### Given information
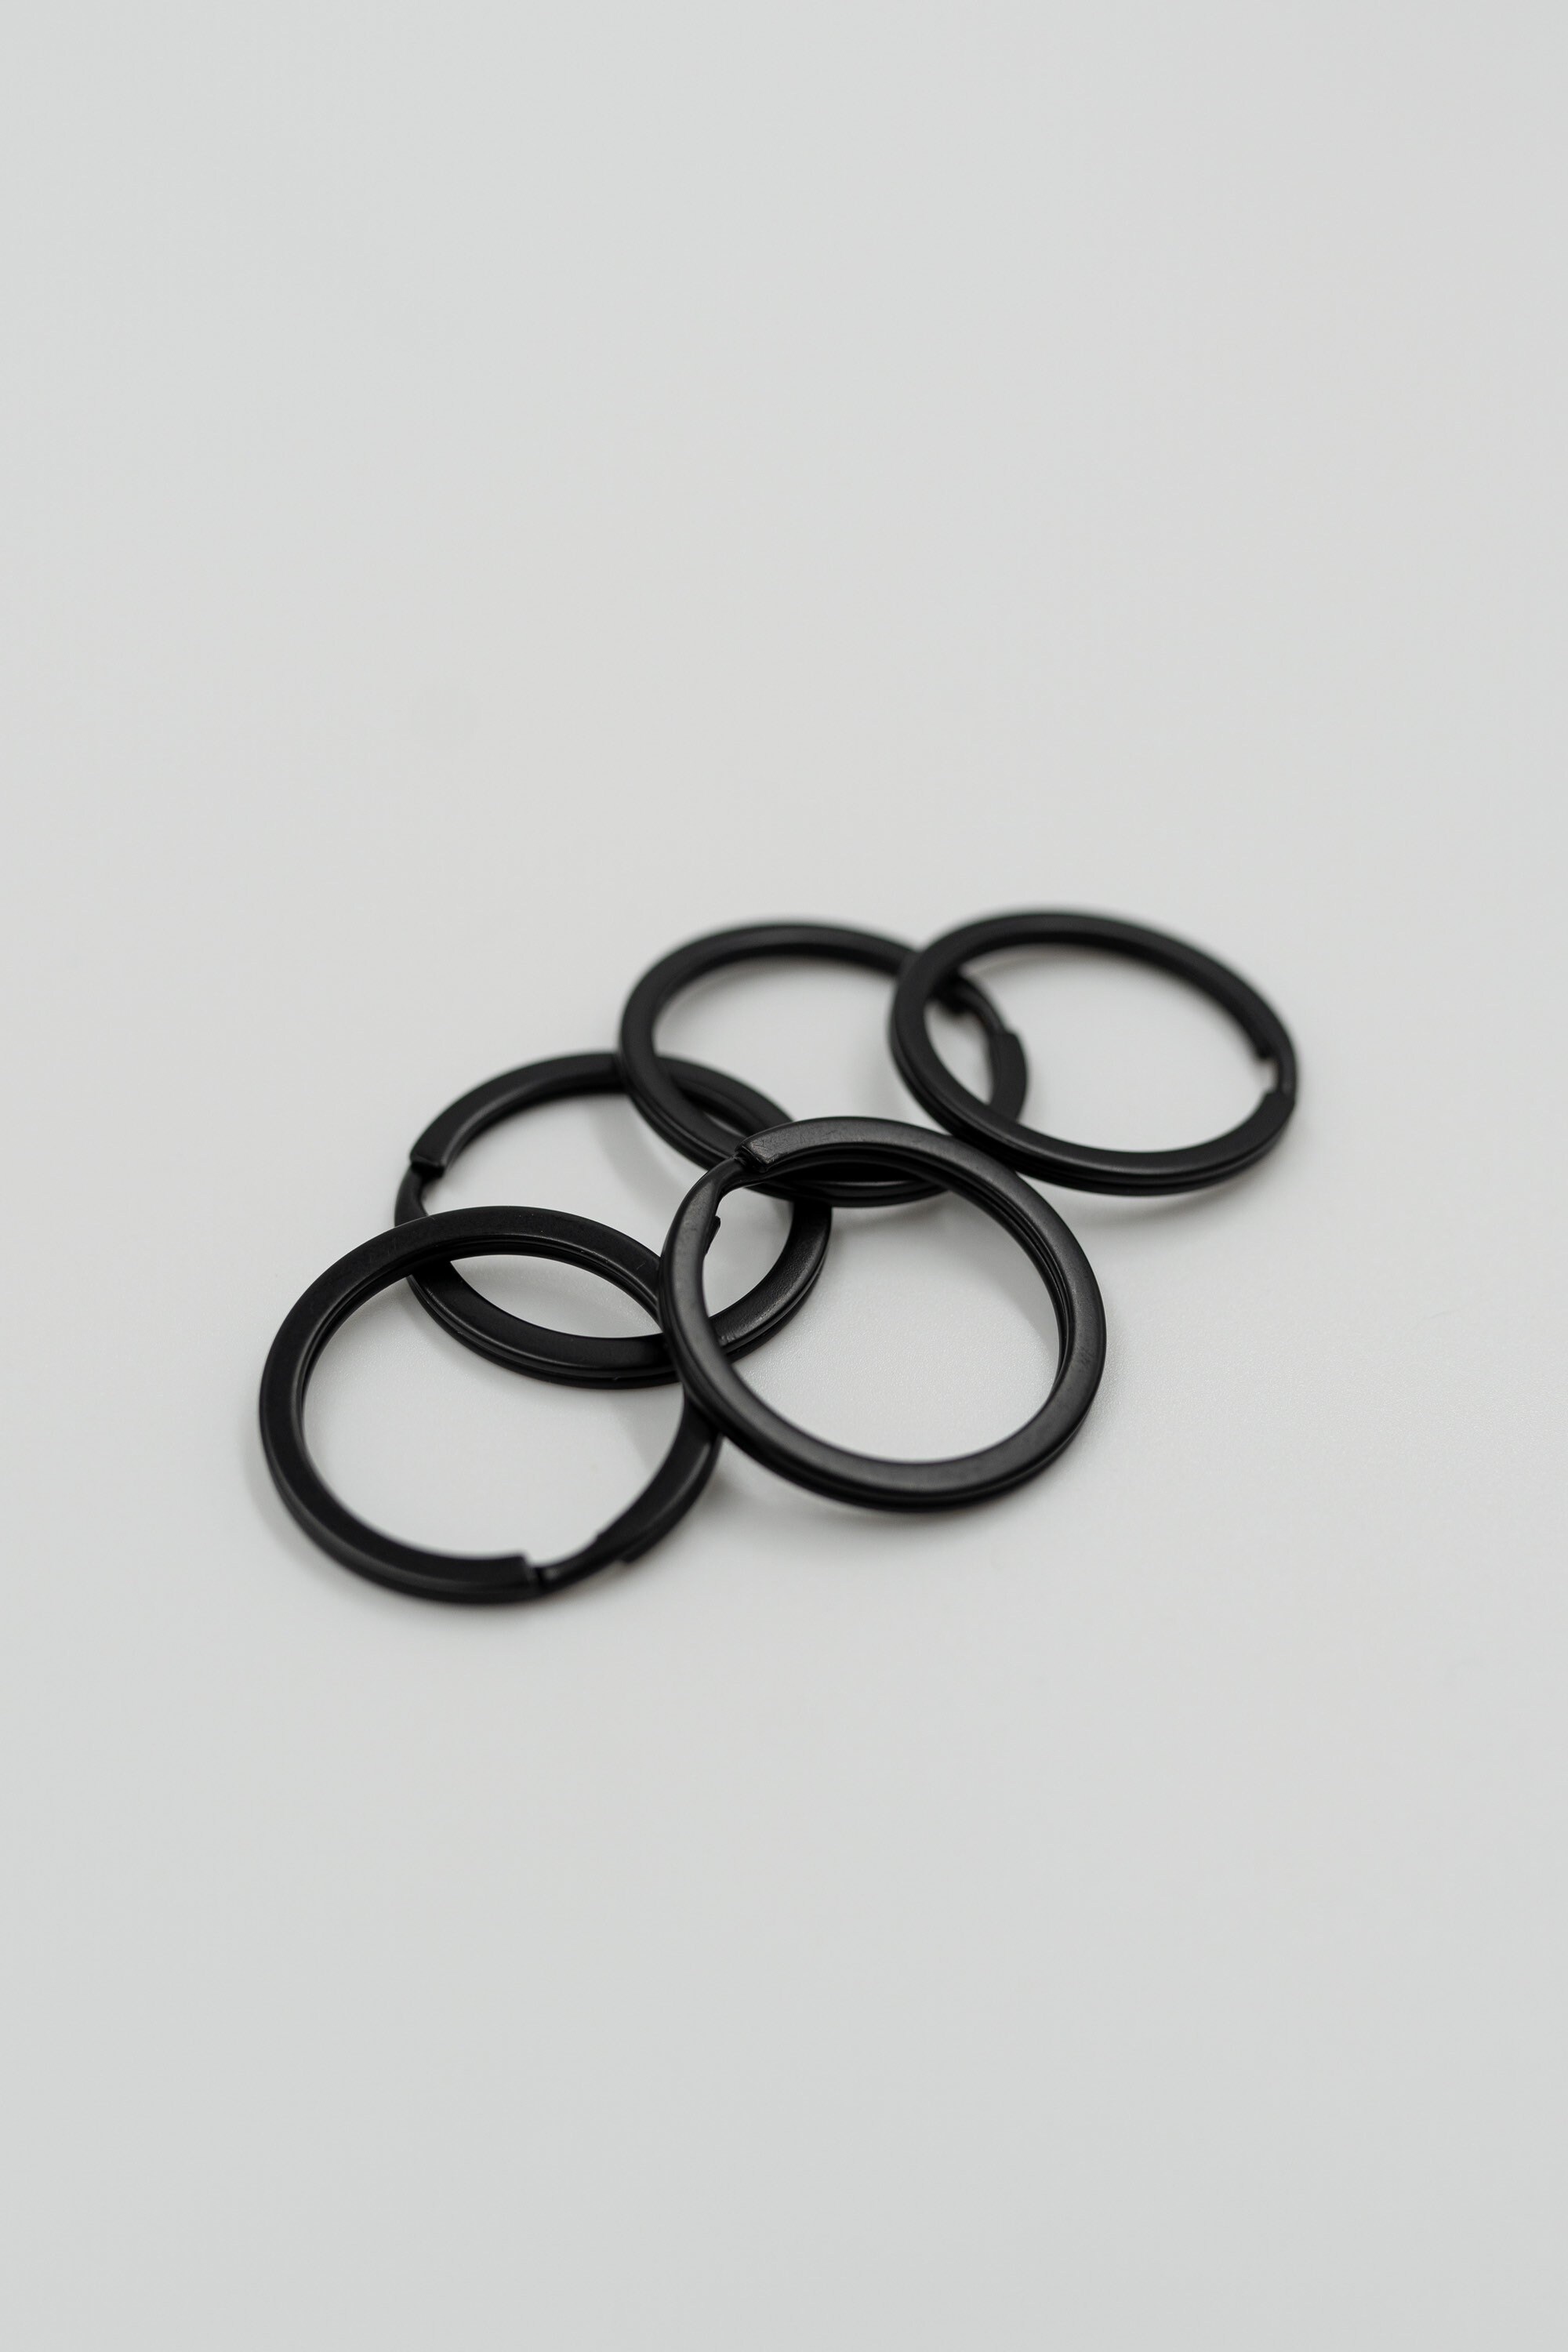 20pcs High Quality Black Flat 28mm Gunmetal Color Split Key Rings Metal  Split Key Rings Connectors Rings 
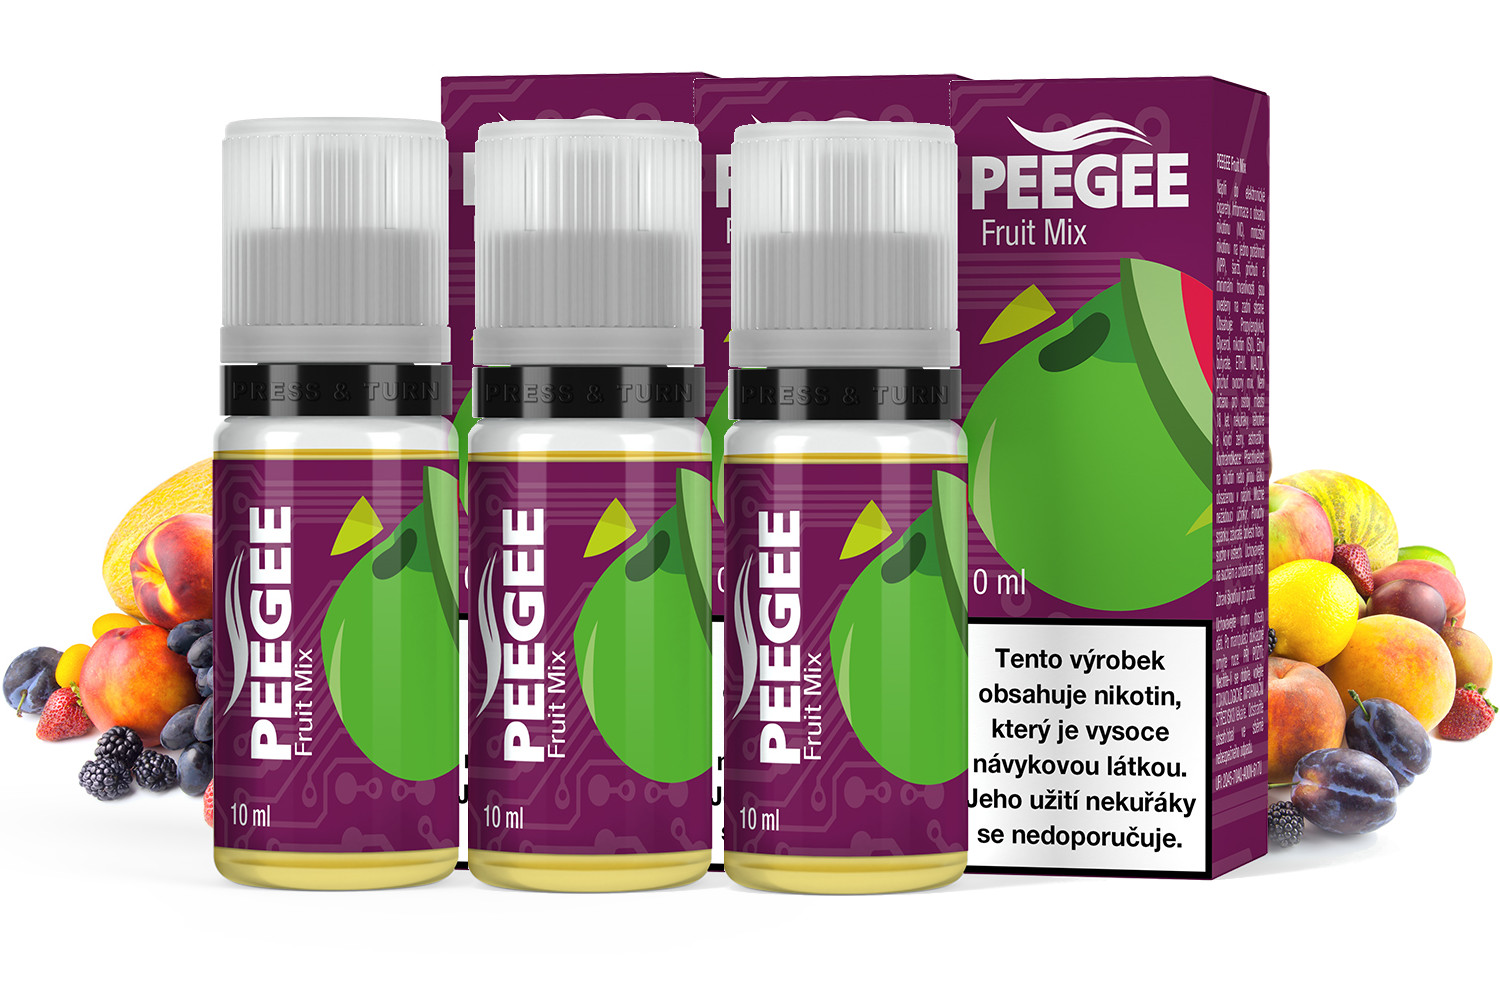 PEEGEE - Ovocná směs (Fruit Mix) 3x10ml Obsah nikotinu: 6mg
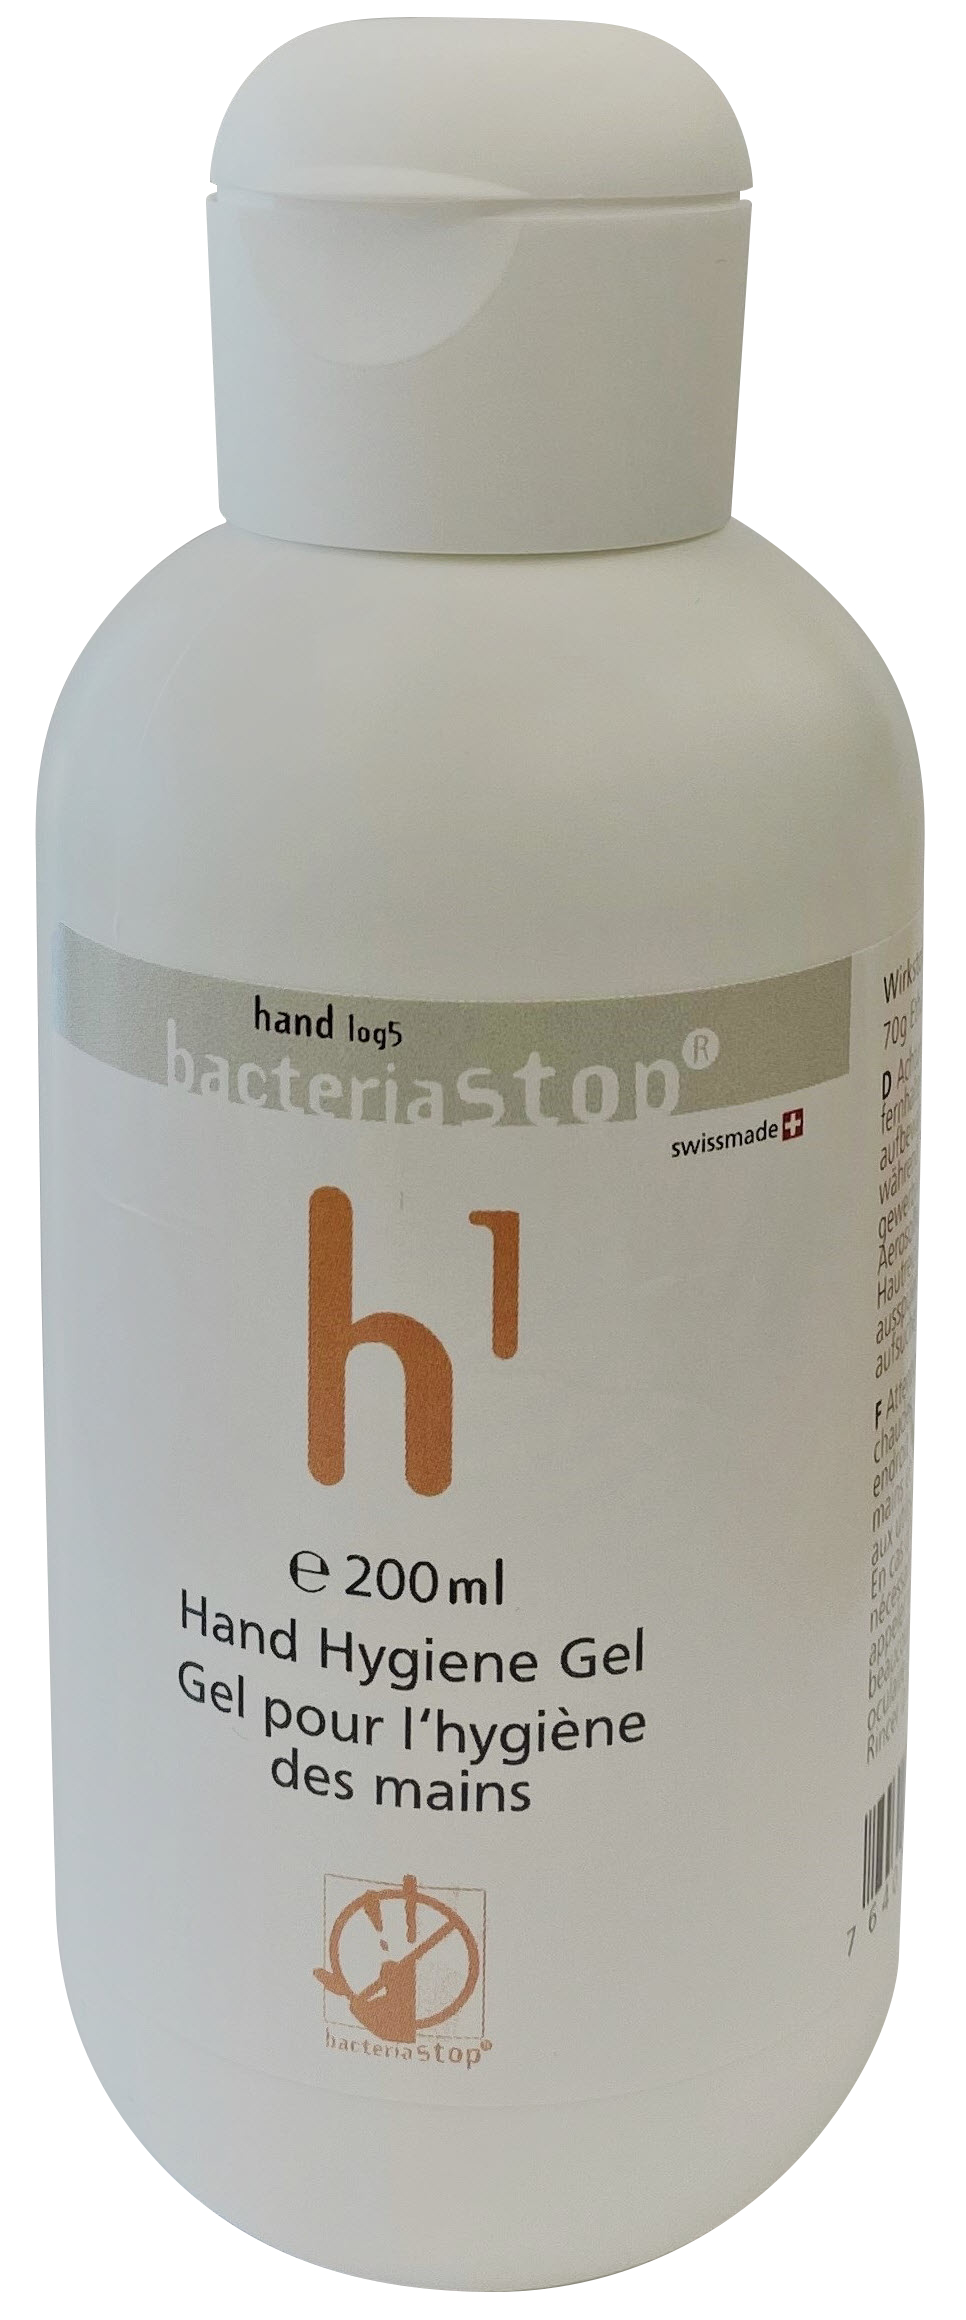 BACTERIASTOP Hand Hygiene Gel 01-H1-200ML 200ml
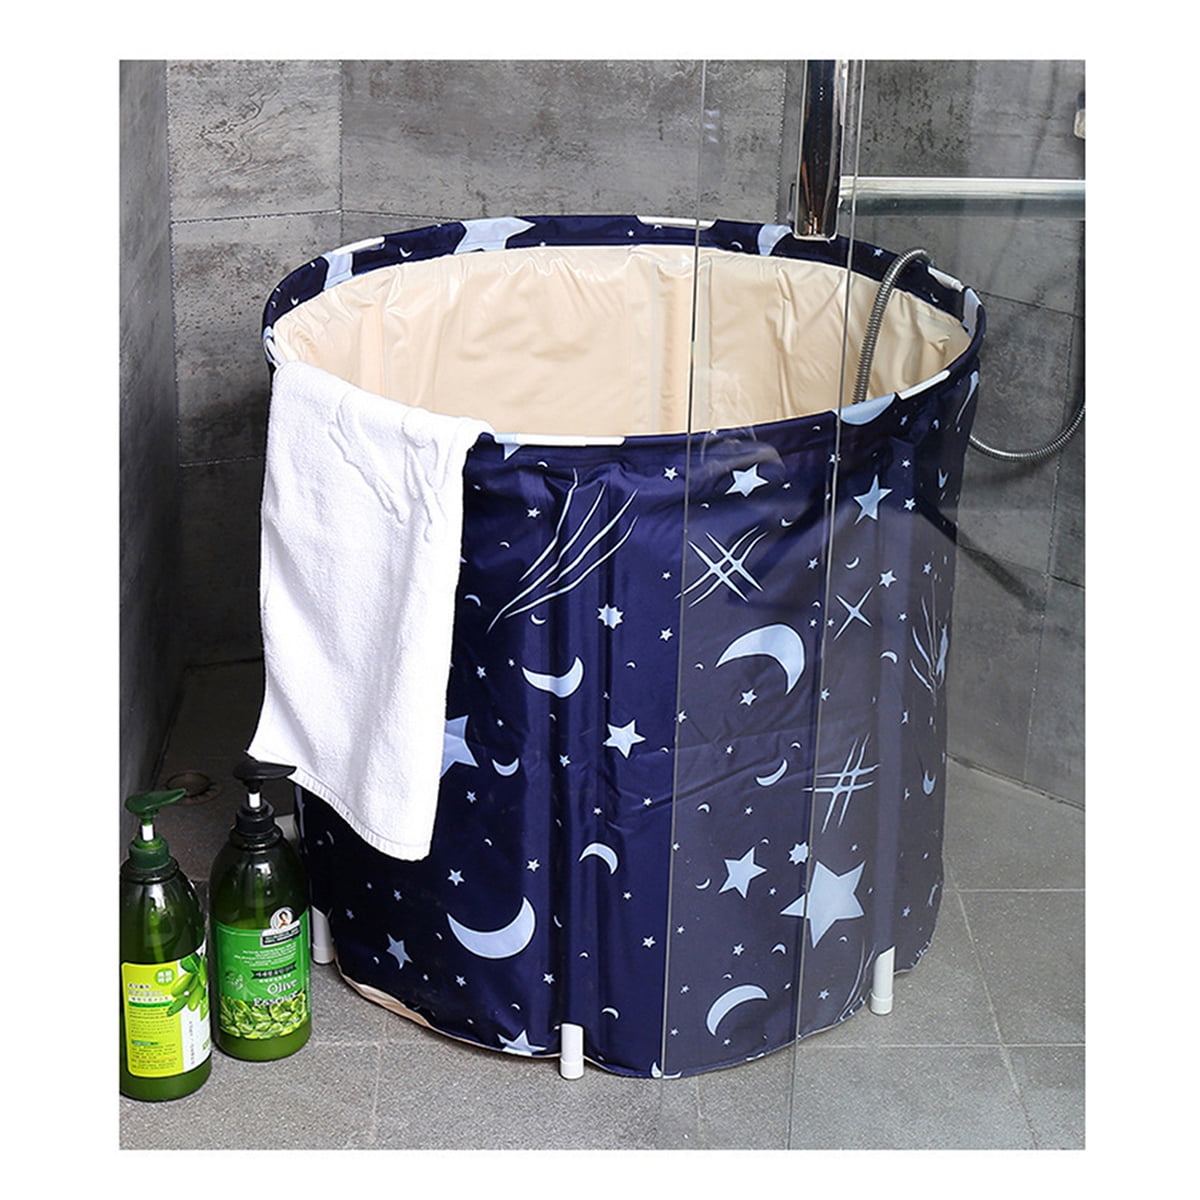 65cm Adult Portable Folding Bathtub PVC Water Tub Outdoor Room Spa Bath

### Task brief
Copy exactly the lines from the line that holds "PEEGEE - Ovocná" to the end of the listing, both included. Leave the pictures out.

### Output below
 PEEGEE - Ovocná směs (Fruit Mix) 3x10ml Obsah nikotinu: 6mg
 BACTERIASTOP Hand Hygiene Gel 01-H1-200ML 200ml
 65cm Adult Portable Folding Bathtub PVC Water Tub Outdoor Room Spa Bath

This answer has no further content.